Mas há exceções. A que você citou é a que proíbe o exercício de atividade típica de empresário pelo servidor. Então o sujeito pode ser sócio de uma empresa, mas não pode administrá-la. E há outras exceções específicas, previstas no regime de certos cargos em especial. Exemplo: professores em regime de dedicação exclusiva não podem atuar em nenhuma atividade remunerada fora daquelas autorizadas pela lei. Então, a princípio, não há empecilho para que um servidor da Anac pilote aos finais de semana, exceto no caso de alguma vedação específica, que deve ser pesquisada caso a caso. Nesse seu exemplo, penso que se o servidor é responsável por políticas que podem beneficiar ou prejudicar uma empresa aérea, por exemplo, haveria conflito de interesse caso ele fosse empregado remunerado dessa empresa. É por aí! Abração e muito sucesso!

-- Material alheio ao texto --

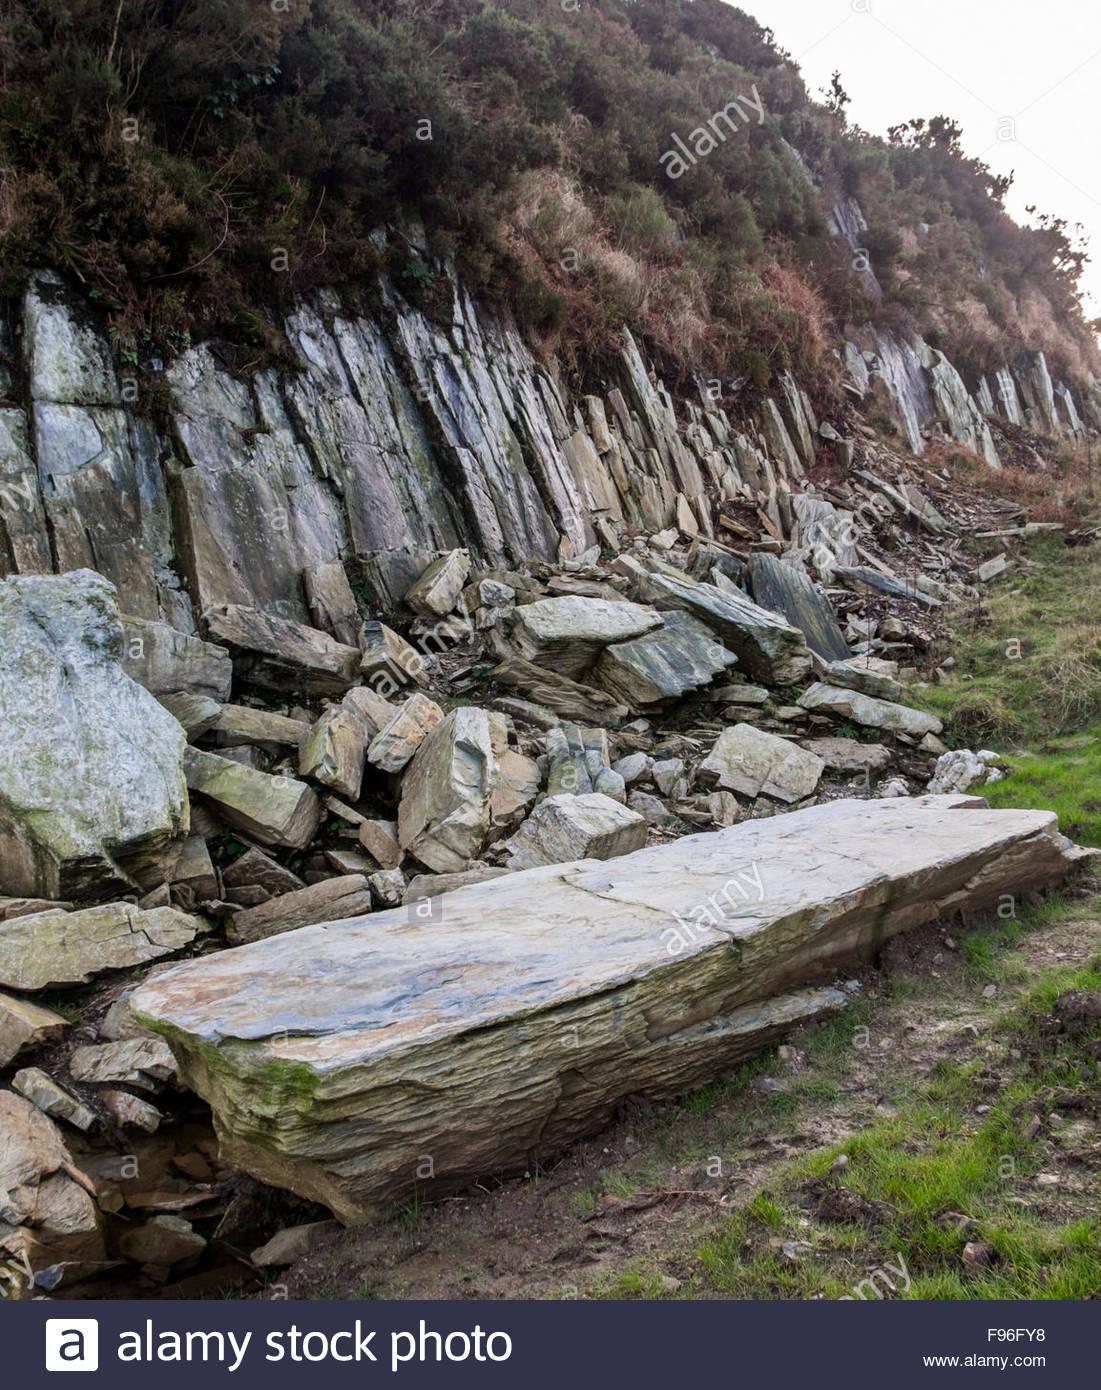 A rocky outcrop at Craig Rhos-y-felin, near Crosswell, north Pembrokeshire. - Stock Image
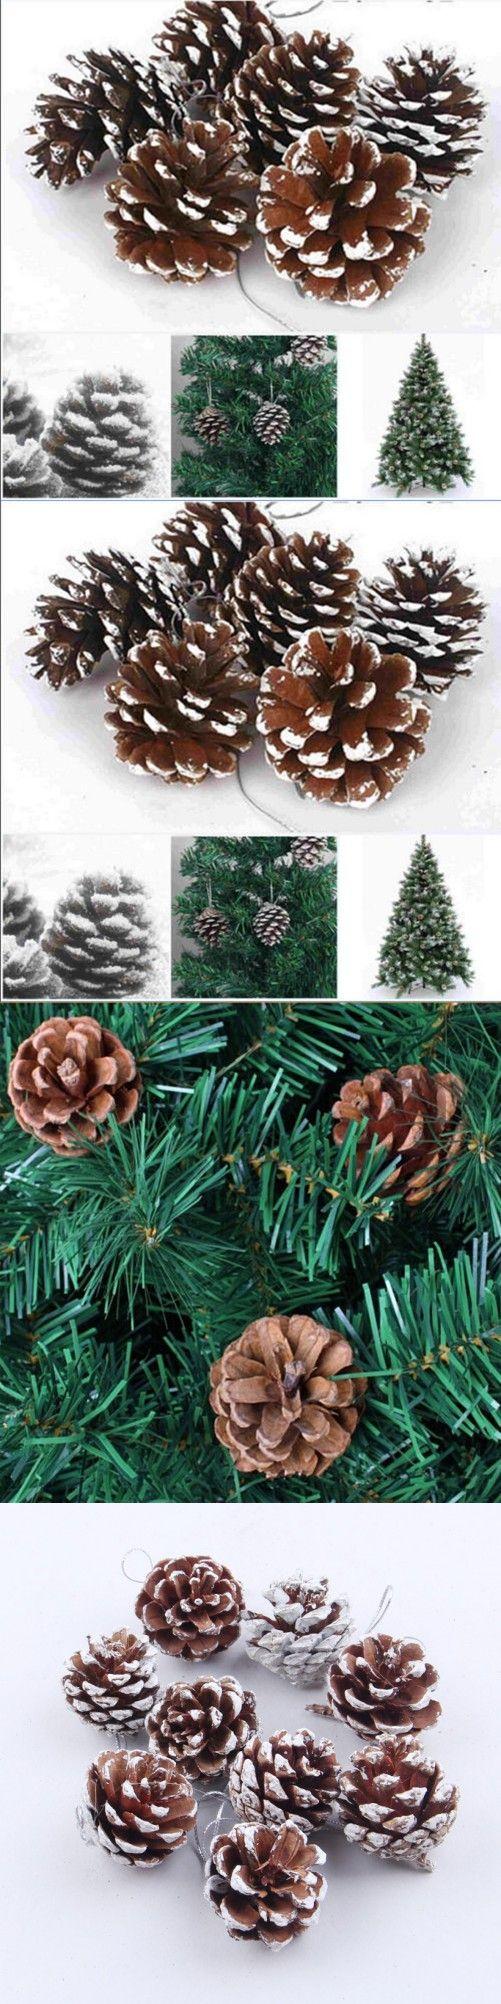 Best 10 Christmas decorations wholesale ideas on Pinterest Buy
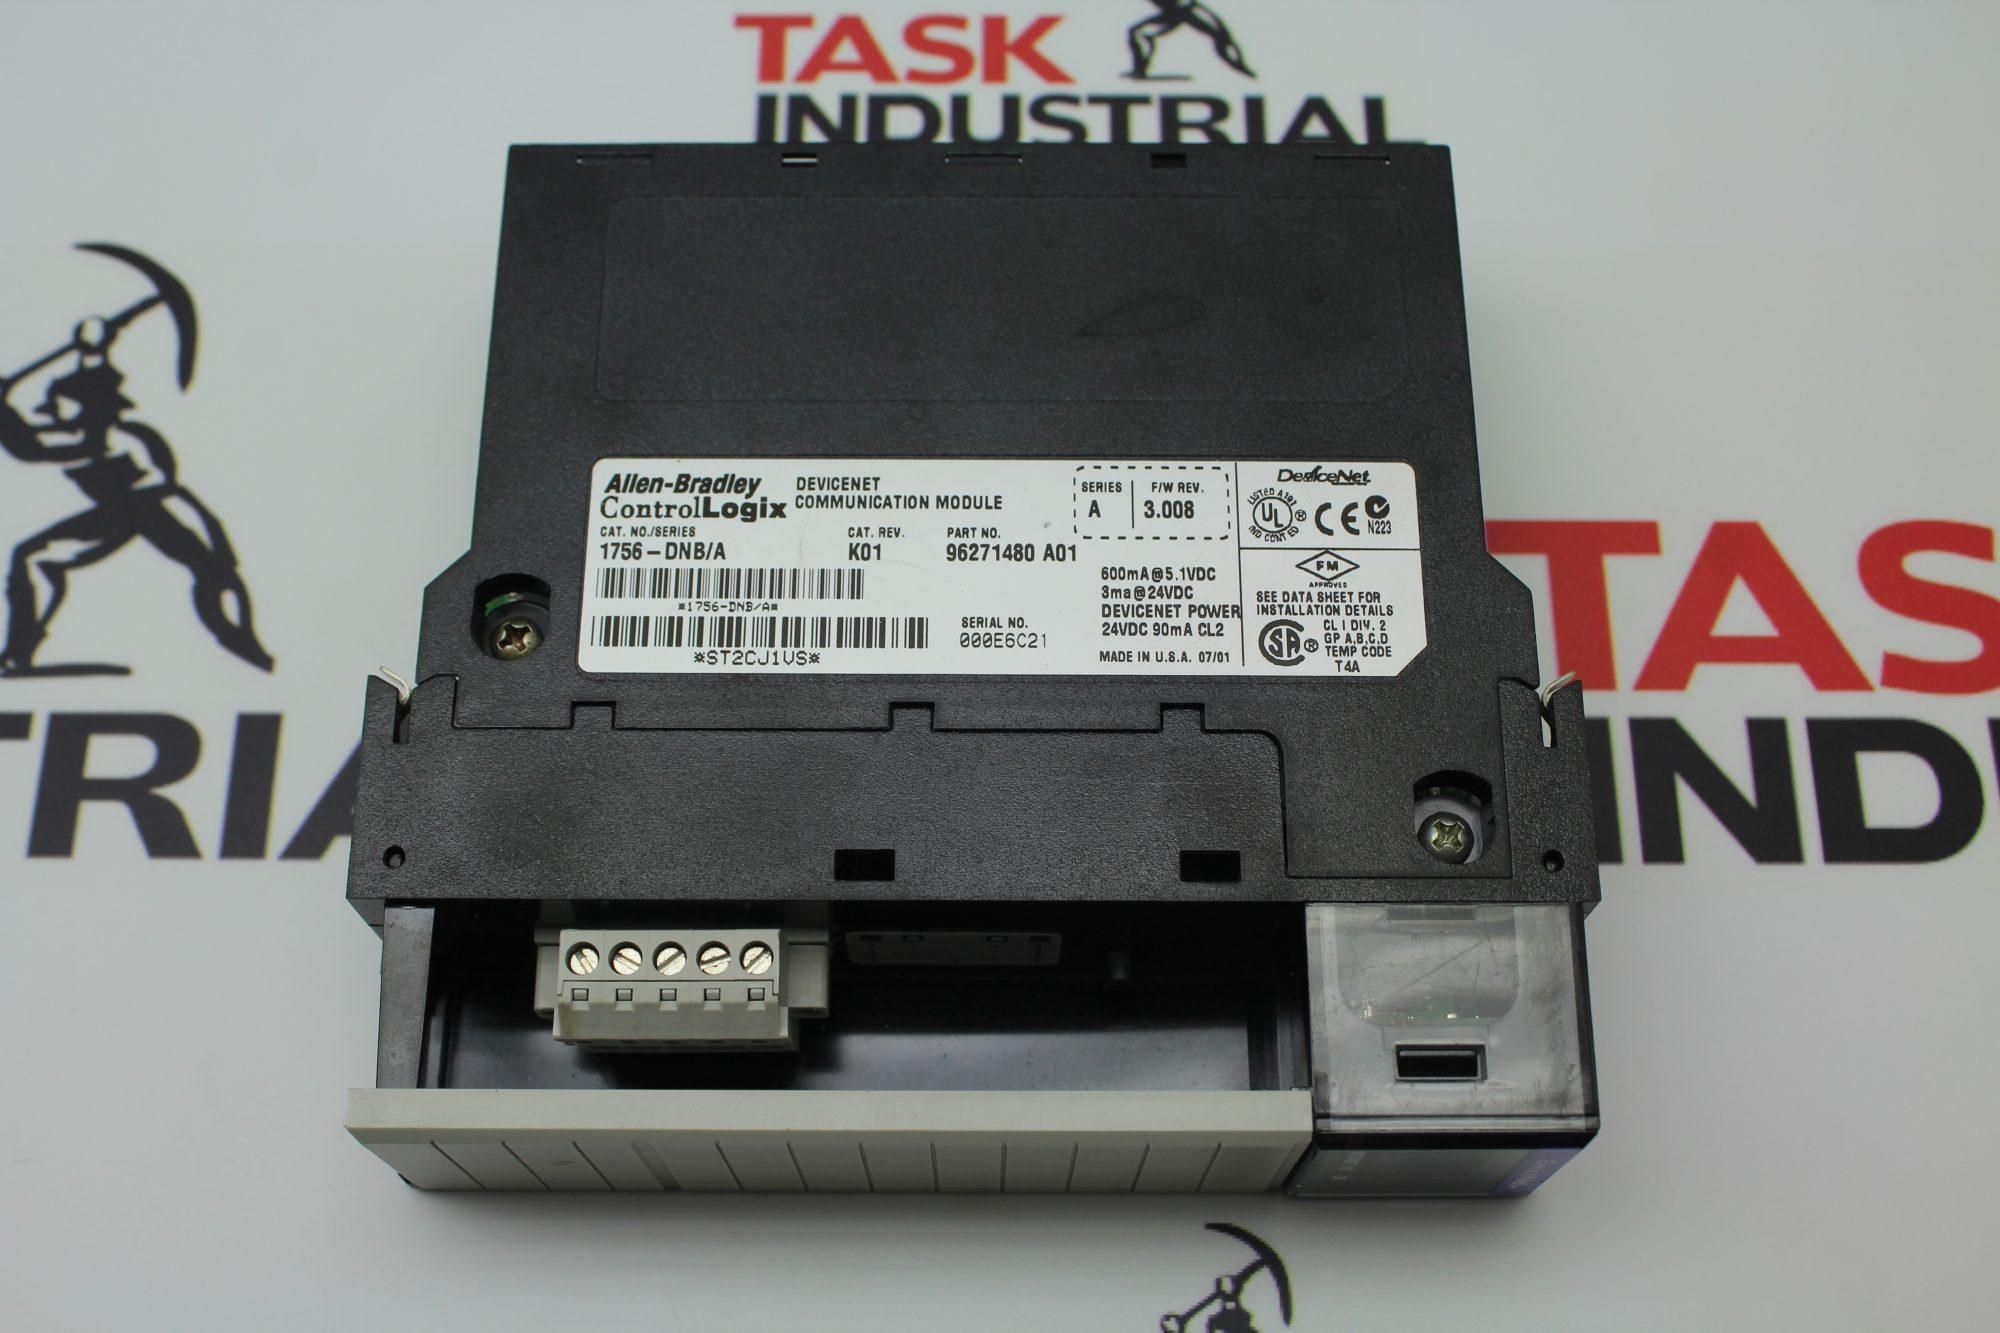 Allen Bradley ControlLogix 1756-DNB A Ethernet Communication Module FW 3 008

Aplicabilidade da Lei 8.666/93 ao Sistema S

Pergunta: "Olá professor! Tudo bem? Em relação às licitações nas entidades do Sistema "S", deve ser seguida a 8666/93?"

Resposta: Essa questão possui alguma controvérsia. Sem dúvidas não é necessário que se siga todo o rito da lei. Mas em respeito aos princípios da administração pública e ao fato de que há recursos arrecadados na forma de tributos ali, é recomendável que sejam atendidos ao menos alguns princípios da lei 8666, a fim de que ninguém se enriqueça com isso, a fim de que não haja prejuízos etc, pois trata-se de gestão de recursos coletivos. Mas numa prova que perguntasse sobre a obrigatoriedade de seguir a lei 8666 nesses casos, eu diria que ela não existe! Abraço e sucesso!